Comment fonctionnent ces applications?

Certaines de ces applications envisagent l’utilisation de données GPS mobile, là où d’autres applications privilégient l’utilisation de la technologie Bluetooth. Les données GPS permettent de faire un suivi de localisation géographique mais se révèlent insuffisamment précises pour détecter les contacts entre personnes. Au contraire, les signaux Bluetooth semblent particulièrement adaptés pour estimer si une personne a été à proximité d’une autre (la portée d’un signal Bluetooth est de l’ordre de 10m, 30-60m pour un signal wifi) et la durée de contact [5].

Déjà aujourd’hui, lorsque le mode Bluetooth est activé sur un appareil mobile, celui-ci interagit avec les autres appareils activés à proximité. Si les appareils ne se synchronisent pas, cette information de contact est automatiquement supprimée. Ces nouvelles applications de contact tracing proposent donc de capitaliser sur ces données en les conservant et en permettant aux individus testés positifs de prévenir les inconnus avec lesquelles ils ont été récemment en contact rapproché.

Un foisonnement d’initiatives américaines

Alors que les premiers systèmes de traçage ont déjà été mis en place en Asie de l’Est (Chine, Corée du Sud, Hong-Kong, Singapour ou Taiwan) [6], le déploiement sur le territoire américain se révèle plus compliqué. Pourtant, les initiatives pour développer les applications et autres protocoles d’échange de données ne manquent pas. On pensera en particulier à l’application Private Kit et la technologie Safe Paths développées par le MIT mais aussi à spécification technique PACT (Private Automatic Contact Tracing) [7, 8]. Sur la côte ouest, un protocole similaire renommé le West Coast PACT est développé par des chercheurs de l’Université de Washington en collaboration avec Microsoft et l’Université de Pennsylvanie [9]. L’application CovidSafe issue de cette collaboration vient tout juste d’être lancée [10]. Le projet américano-canadien (Université de Stanford et Université de Waterloo au Canada) Covid-Watch est un autre exemple d’utilisation conjointe du Bluetooth et des données GPS bien que la cartographie GPS initialement envisagée ait été abandonnée (du moins provisoirement) du fait des difficultés à préserver l’anonymat des utilisateurs [11]. Enfin, l’Université Carnegie Mellon diffère des autres applications en ayant récemment annoncé une solution baptisée Novid qui utilise les ultrasons pour mesurer plus précisément la distance de contact [12].

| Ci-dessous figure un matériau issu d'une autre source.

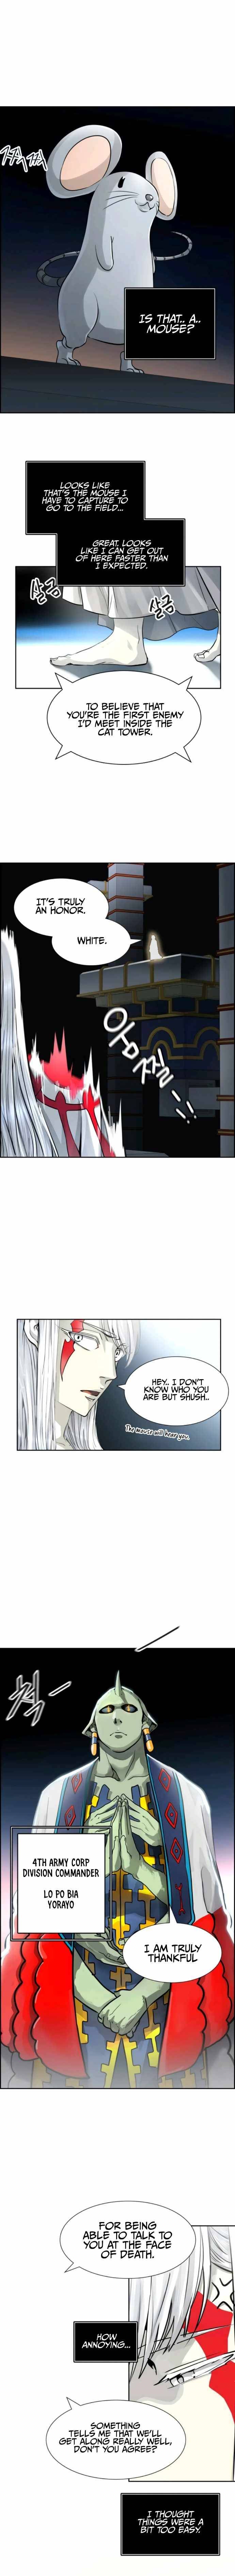 Tower of God Chapter 487 page 17

Parmi les initiatives venant de startups, on peut noter l’application Coalition et le protocole Whisper Tracing développés par la startup spécialisée dans les objets connectés (IoT) Nodle.io. Les fondateurs de cette startup s’étaient notamment illustrés en développant l’application de communication par Bluetooth FireChat utilisée dans des situations de catastrophe naturelle aux Philippines mais aussi lors de tensions sociales en Inde ou à Hong-Kong. Le protocole proposé permettrait une plus grande anonymisation et serait adapté à une utilisation transfrontalière [13, 14, 15].

Une autre approche, ayant recours à la reconnaissance faciale et aux images de caméras surveillance, est développée par la startup californienne Traces.ai [16]. Ajoutons pour terminer, la proposition de la startup Estimote s’appuyant sur d’autres appareils portables type bracelet [17].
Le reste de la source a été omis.